Whizboom, in his grand rush for the chief’s job, stood, like a half-size John Wayne in the gate. Bozo, stunned, but still on duty, came suddenly to life and charged the nearest target available: the valiant Whizboom.

Discretion overpowering the grandest of schemes, Whizboom broke for his unmarked car, scrambling onto the hood just as Bozo managed a supersized chunk of Whizboom backside.

He clambered to the roof. Bozo circled below with deadly determination well recorded by the glut of news people standing at a safe distance.
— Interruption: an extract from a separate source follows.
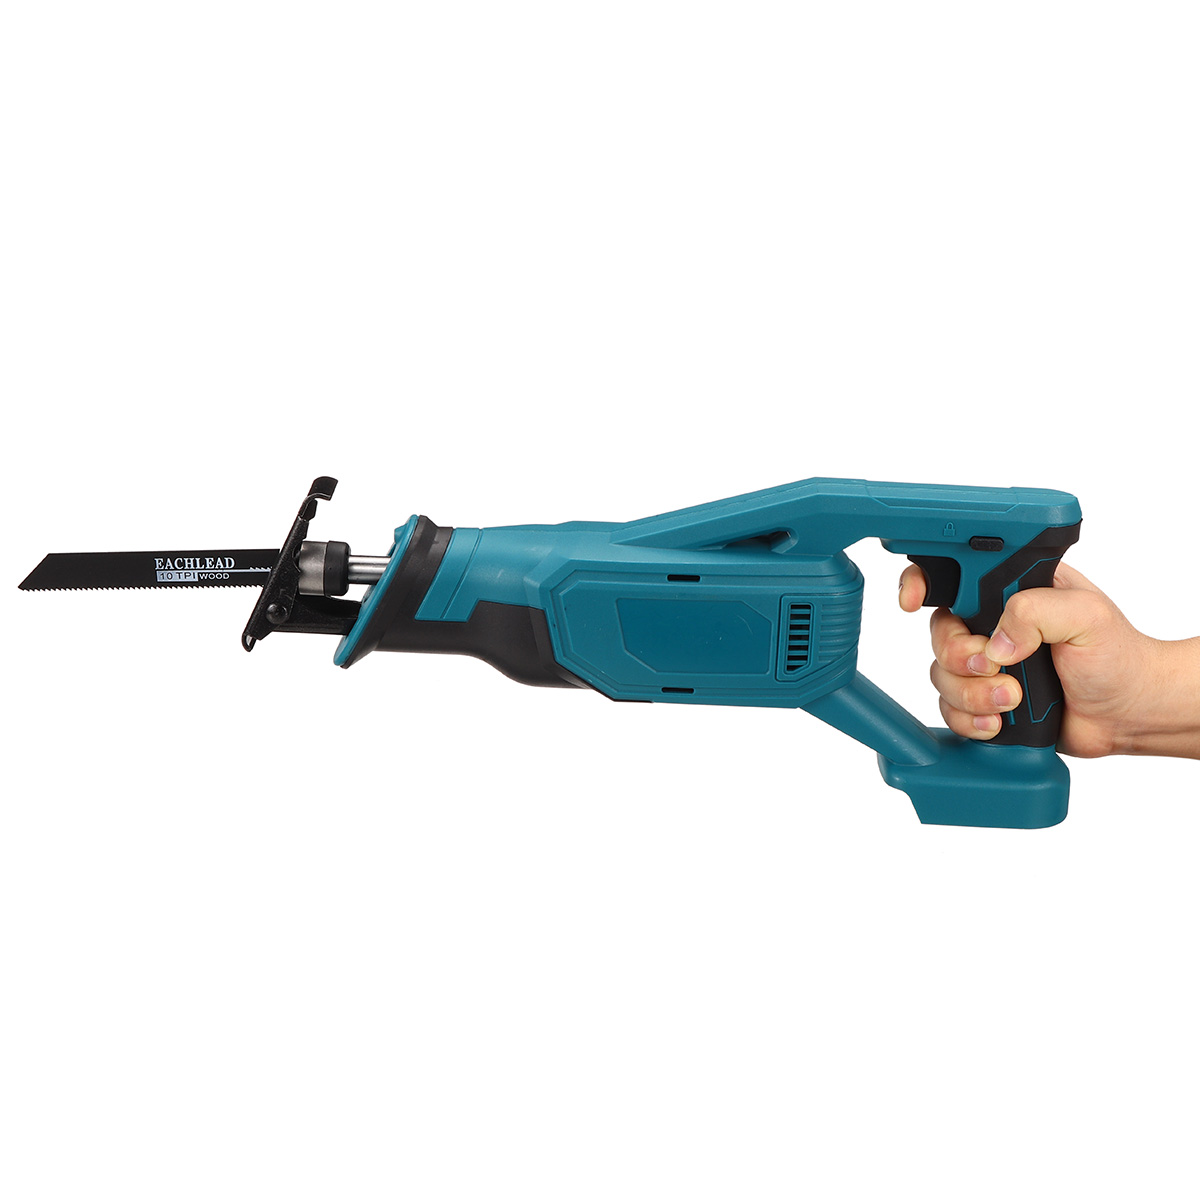 18V-Blue-Electric-Reciprocating-Saw-Variable-Speed-Cordless-Wood-Metal-Cutting-Power-Tools-Set-1716396-2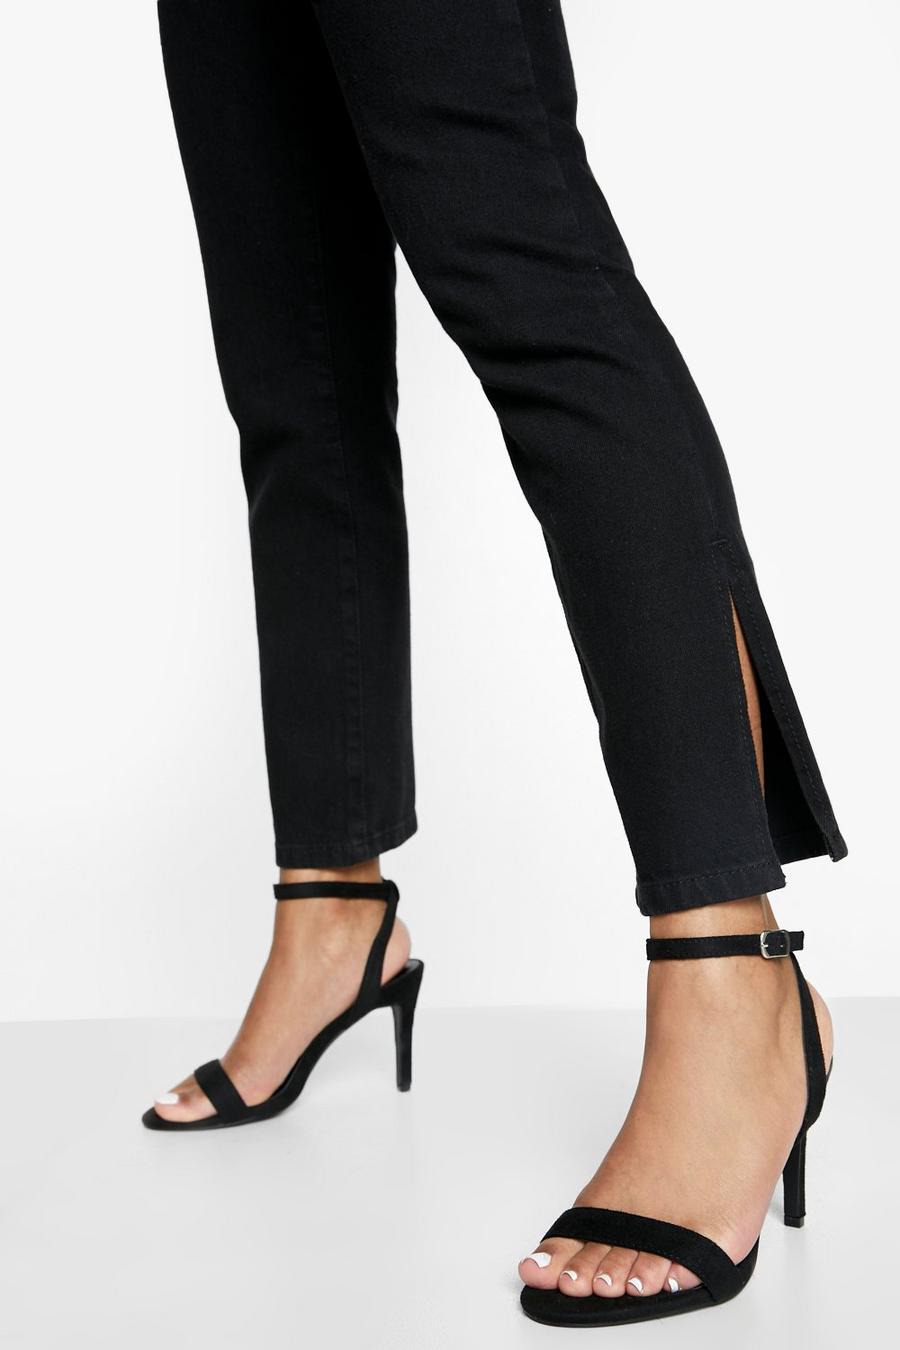 Black negro Low Barely There Heels

Garcia strolled out, retrieved her 2x4, and spoke softly to the angered canine sentinel. Bozo’s instincts, evolved from a million years of trial and error, did not fail. The national news repeated the shot for days: Bozo retreating at top speed, passing consecutive intersections until he disappeared from camera range.

Dolan and Garcia stared at Whizboom, a broken man, trapped atop a cop car, a bloody tear in his posterior and his career disappearing at about the same speed as Bozo.

Garcia asked, “Whizboom, why didn’t you use your pistol?”

Whizboom completed his plunge into notorious ruination by mumbling, sotto voce, “Forgot I had one.”

Yep, the sound was fully audible when the video went viral on YouTube.

Mama got drunker, Peachy Pocksocket went to jail, Bozo crept back and resumed guard duty, and Whizboom? Forty-two stitches, thirty days in the rubber room, and permanent assignment to the midnight shift in the auto pound.